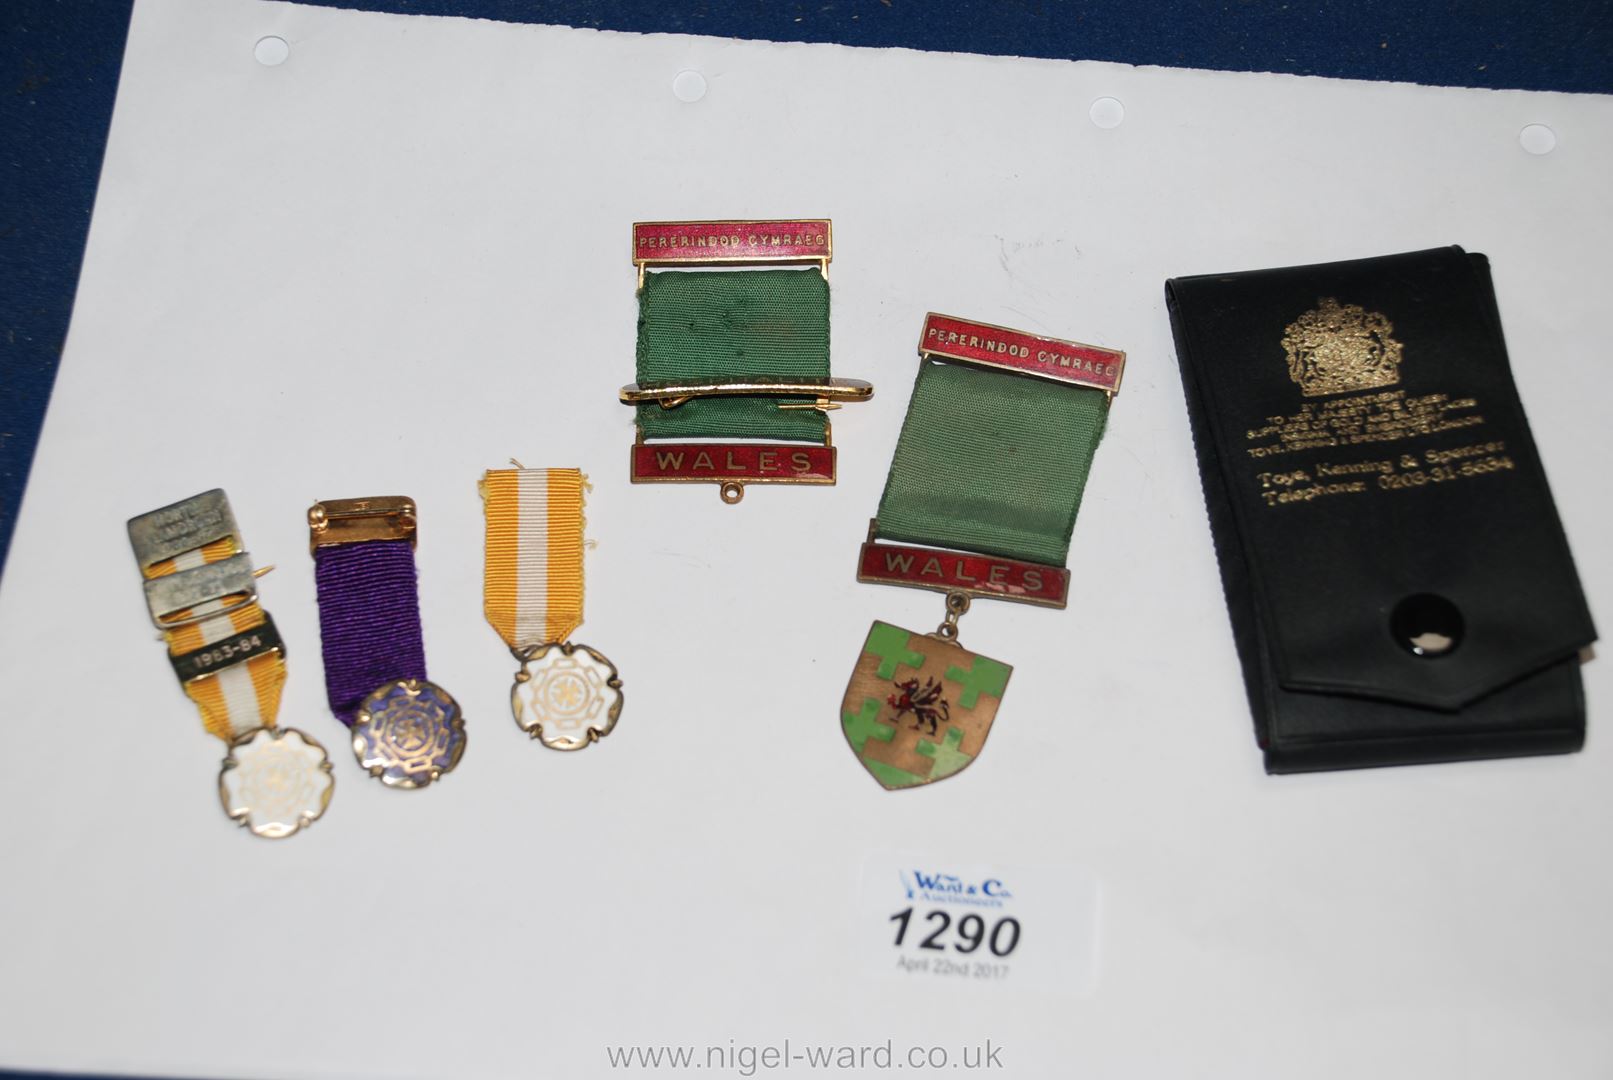 Three Silver gilt council Medals and other insignia
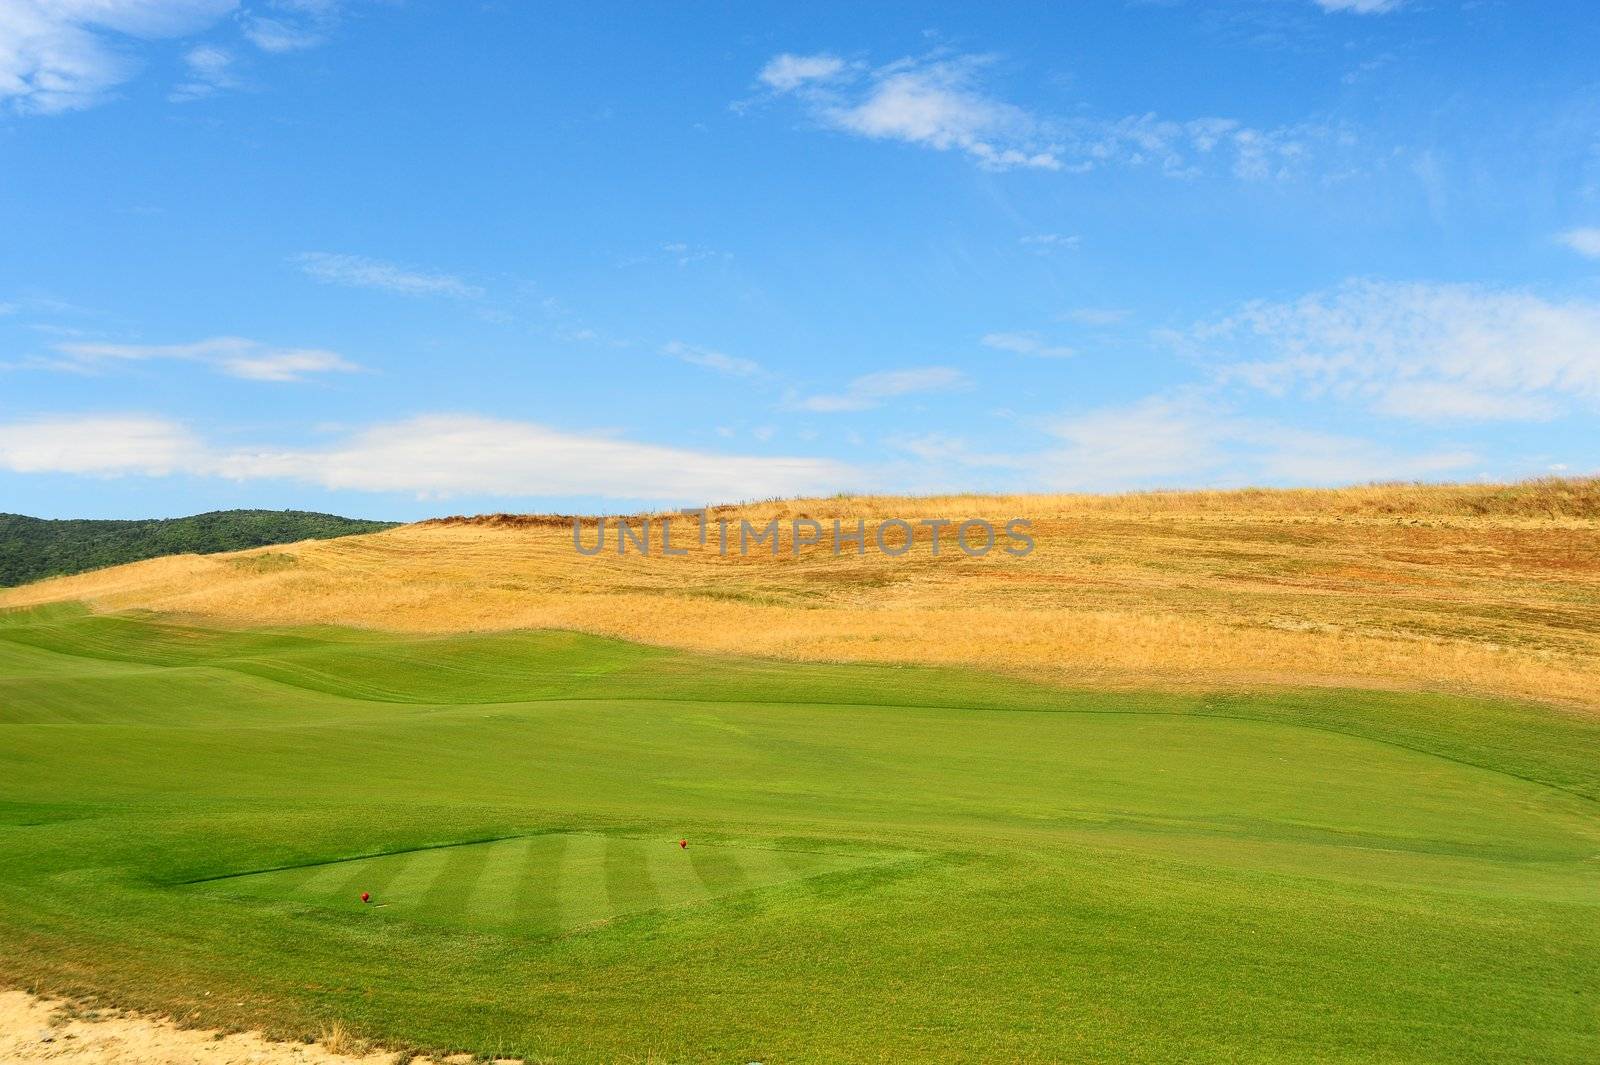 Construction Area Of The Golf Course In Toscana, Italy
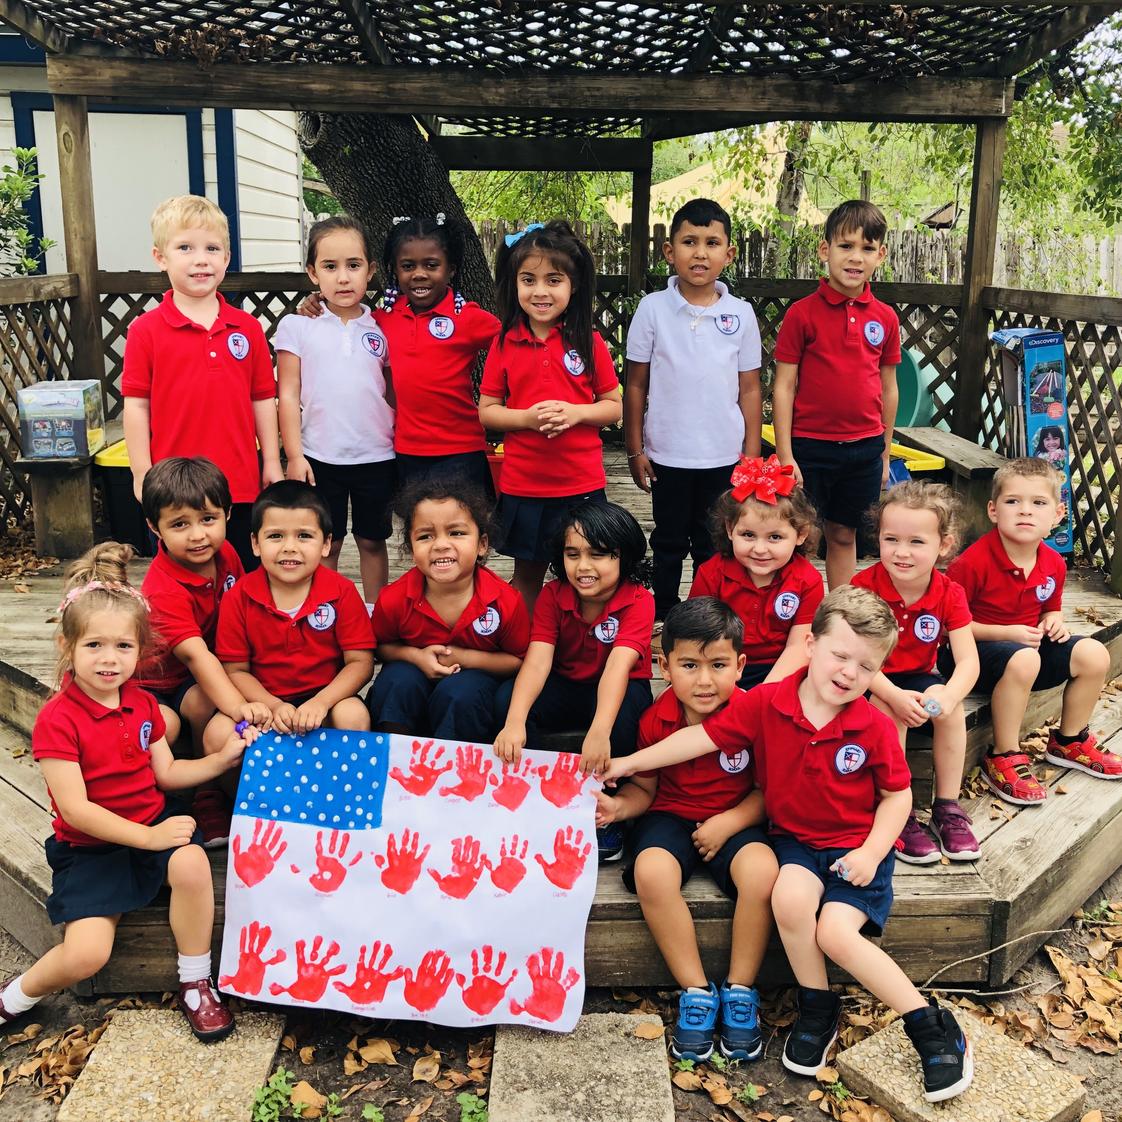 Epiphany Episcopal School Photo #1 - Epiphany students showing off their hand-made U.S. Flag in observance of Veteran's Day.

→ Your task
Leave every image out when you return the material above word for word.

→ Final answer
 Three Silver gilt council Medals and other insignia
 Construction Area Of The Golf Course In Toscana, Italy
 Epiphany Episcopal School Photo #1 - Epiphany students showing off their hand-made U.S. Flag in observance of Veteran's Day.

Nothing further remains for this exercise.